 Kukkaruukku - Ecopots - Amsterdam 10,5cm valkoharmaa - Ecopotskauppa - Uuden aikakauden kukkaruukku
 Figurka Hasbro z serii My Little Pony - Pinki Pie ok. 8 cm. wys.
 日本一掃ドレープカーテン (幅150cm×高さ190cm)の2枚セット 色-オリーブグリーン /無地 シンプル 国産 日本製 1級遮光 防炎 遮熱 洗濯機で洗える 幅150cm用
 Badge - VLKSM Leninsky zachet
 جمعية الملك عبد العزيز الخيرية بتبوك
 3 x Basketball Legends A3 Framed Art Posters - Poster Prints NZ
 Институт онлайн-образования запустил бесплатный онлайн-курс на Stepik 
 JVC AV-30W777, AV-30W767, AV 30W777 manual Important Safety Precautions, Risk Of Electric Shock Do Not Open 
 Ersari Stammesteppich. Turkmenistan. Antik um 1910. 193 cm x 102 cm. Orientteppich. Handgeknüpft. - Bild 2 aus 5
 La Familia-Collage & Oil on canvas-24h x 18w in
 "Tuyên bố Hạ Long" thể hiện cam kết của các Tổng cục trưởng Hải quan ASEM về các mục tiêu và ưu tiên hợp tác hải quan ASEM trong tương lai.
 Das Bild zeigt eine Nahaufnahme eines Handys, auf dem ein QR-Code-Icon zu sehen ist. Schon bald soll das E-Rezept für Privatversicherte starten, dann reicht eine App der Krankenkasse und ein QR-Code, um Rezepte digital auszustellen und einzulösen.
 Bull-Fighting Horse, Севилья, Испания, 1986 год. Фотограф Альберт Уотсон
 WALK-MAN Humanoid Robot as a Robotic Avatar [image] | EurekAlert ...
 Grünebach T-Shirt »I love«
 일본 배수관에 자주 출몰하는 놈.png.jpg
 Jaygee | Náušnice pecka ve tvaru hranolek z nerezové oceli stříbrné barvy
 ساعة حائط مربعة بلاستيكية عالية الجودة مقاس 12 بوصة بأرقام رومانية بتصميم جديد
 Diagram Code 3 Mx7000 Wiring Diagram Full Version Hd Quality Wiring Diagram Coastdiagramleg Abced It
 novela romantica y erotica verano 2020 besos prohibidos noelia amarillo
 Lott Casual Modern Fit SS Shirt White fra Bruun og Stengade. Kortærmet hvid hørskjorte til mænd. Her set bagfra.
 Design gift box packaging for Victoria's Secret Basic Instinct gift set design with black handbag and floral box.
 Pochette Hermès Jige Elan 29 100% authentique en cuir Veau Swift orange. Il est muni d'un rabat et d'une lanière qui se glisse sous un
········
**Task prompt:**
Each line of the data that holds "Shirt" should be copied.

**Solution below:**
 Grünebach T-Shirt »I love«
 Lott Casual Modern Fit SS Shirt White fra Bruun og Stengade. Kortærmet hvid hørskjorte til mænd. Her set bagfra.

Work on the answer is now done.